Some of the readers here will be irritated at my even bringing this person up, but Jeffrey Wells of the website Hollywood Elsewhere is kind of the king of Blu-ray savvy (or so he thinks) cinephiles (what are you gonna do) who seem to demand that each Blu-ray experience be a transformative one, and if it can't be, it's not worth having. So bear with me for quoting him just a little. "Why doesn't DVD Beaver's Gary W. Tooze let his hair down and just say it?" Wells grousedrecently of a new Criterion Blu-ray of Breathless that he of course hadn't yet seen.  "A Bluray of Jean-Luc Godard's Breathless (1960), which was shot on the cheap using natural light for the most part, can't look that crisp or shimmering." One needn't go into the farrago of errors and unearned assumptions contained in the seemingly not-too-detailed clauses cited here, but merely note the attitude, which is that if something cannot shimmer on Blu-ray, it's just not worth having on Blu-ray.

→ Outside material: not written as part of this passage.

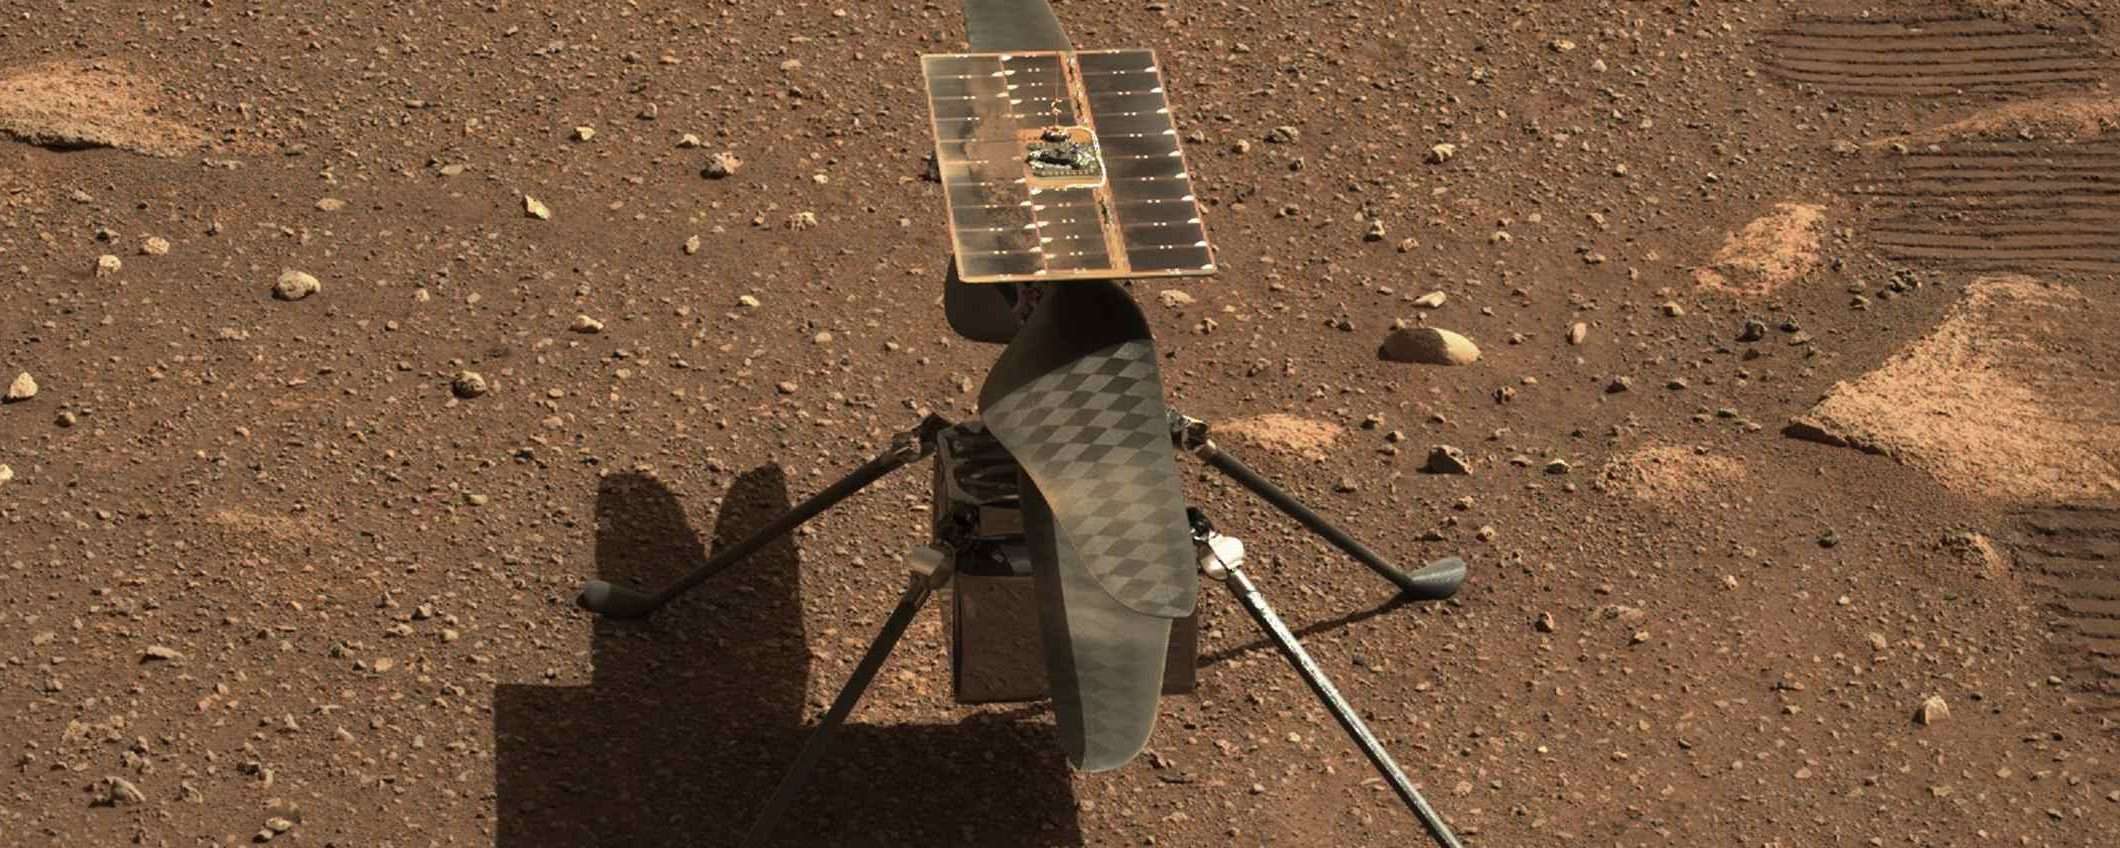 Ingenuity vola su Marte per la 31esima volta

As if added detail in and of itself is of no consequence. Because, let us understand, that's all, really, that a Blu-ray disc is going to offer at the base line: a progressive—that is, non-interlaced—picture with detail of 1080 lines of vertical resolution. That's all. More detail. Shimmer optional. (And pancake makeup optional too: a recent Wells post on the Blu-ray disc of Psycho suggested that the fact that this version allowed you to see the cosmetics on actor Martin Balsam's face was a good thing.)

And of course how that detail looks is going to be reliant on both the source material itself and the condition it was in when it was brought to the telecine process. Which sometimes is not a telecine process as we used to understand it but a process of individual frame scans, which takes longer and is more costly and is (although this is hardly an actual rule) largely reserved for rescuing films that have undergone a fair amount of damage that can be repaired in the digital domain only once each individual frame has been scanned.

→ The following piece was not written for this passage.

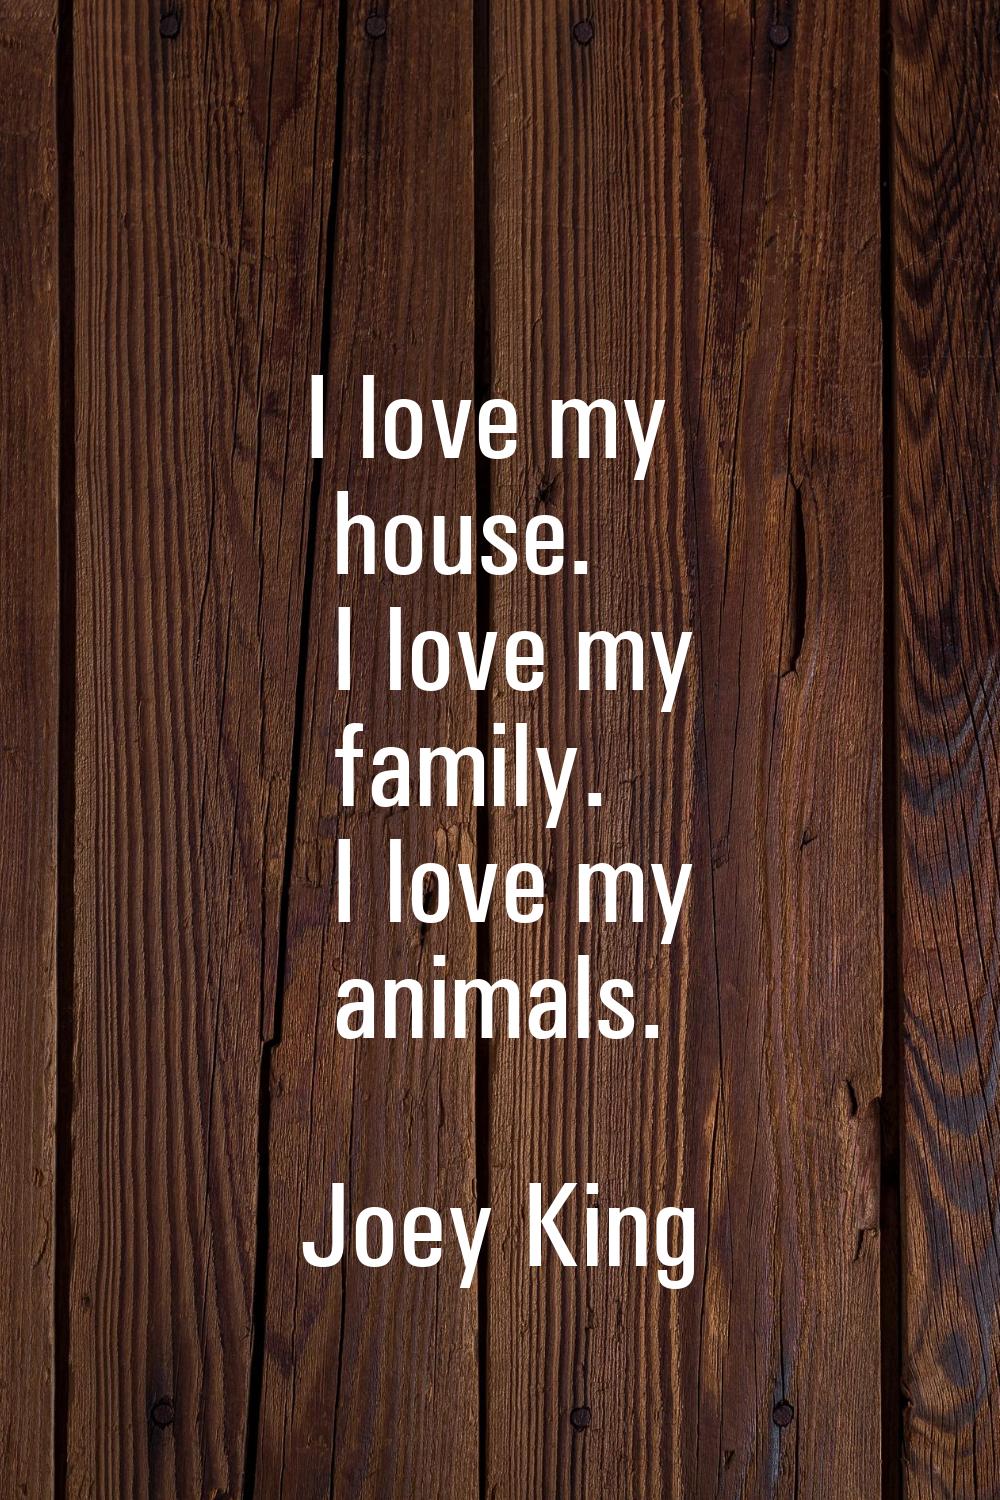 I love my house. I love my family. I love my animals.

This all brings us to the Blu-ray of Tokyo Story. As I saw in my viewing of it, and as is amplified in some detail in the DVD Beaver review of it (not to mention its accompanying screen captures, one of which I reproduce above), it doesn't shimmer. It's not meant to. Ozu's style of filmmaking abjures the showy. This is not to say that his films are visually ugly, or even plain. They are beautiful. In a very unadorned way, a way that is both ostensibly true to the reality depicted and thoroughly composed. To say that Ozu's films are free of artifice is to miss, among other things, the particular way in which his visual storytelling style frequently goes against what's referred to as the 180º rule, and the attendant continuity "errors" that on occasion accompany those, and which are entirely arguably deliberate. But anyway: no, no shimmer, no glitter, no Technicolor razzle-dazzle. And in fact nothing too unfamiliar in terms of sources: as the notes on the transfer in each of the packages tell us, the masters for these films belong to the U.S.'s Criterion Collection, which is in the habit of creating high-definition masters for all its titles even if the company is only going to manufacture and market that material in standard def.

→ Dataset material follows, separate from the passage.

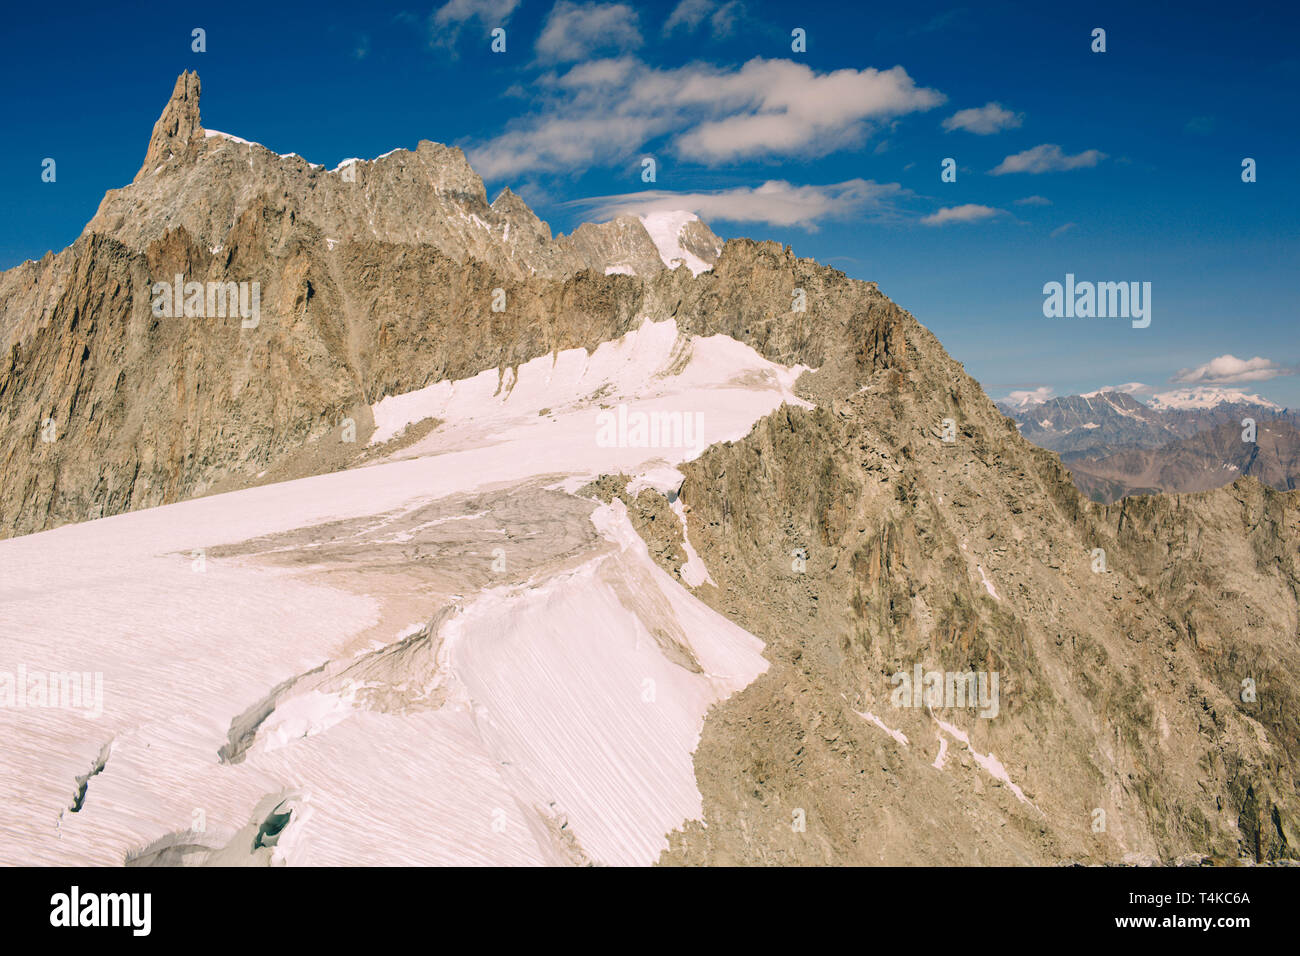 Panorama del macizo del Mont Blanc, la montaña más alta y popular en Europa noroeste de Italia. Foto de stock

The other end of the spectrum in terms of cinephile expectation for Blu-ray discs or any home video manifestation was articulated by The New Yorker's Richard Brody, in a comment he left on a blog post by yours truly: "The most important thing about a DVD is its availability; even at its best, it's a faute de mieuxsimulacrum of the movie-going experience, and to obsess about the quality of a transfer without discussing the film that's being transferred--what its significance is, or why readers should even bother caring that it's available on DVD--is a kind of technical fetishism that's skew to movie-love. (So many of us have seen so many movies we love on TV, cut by commercials, in the wrong aspect ratio, or on low-fi 16mm. prints, or in theatres that did dreamlike-bleary rear-screen projection, and, though it matters, it doesn't matter as much as does the film itself.)" Some might argue this takes matters entirely too far. But in a sense, it helps me underscore for myself just what this BFI Blu-ray of Tokyo Story is good for: it is, in picture and sound, the best possible available home video presentation of a beautiful and nourishing film. Which is nothing to sneeze at.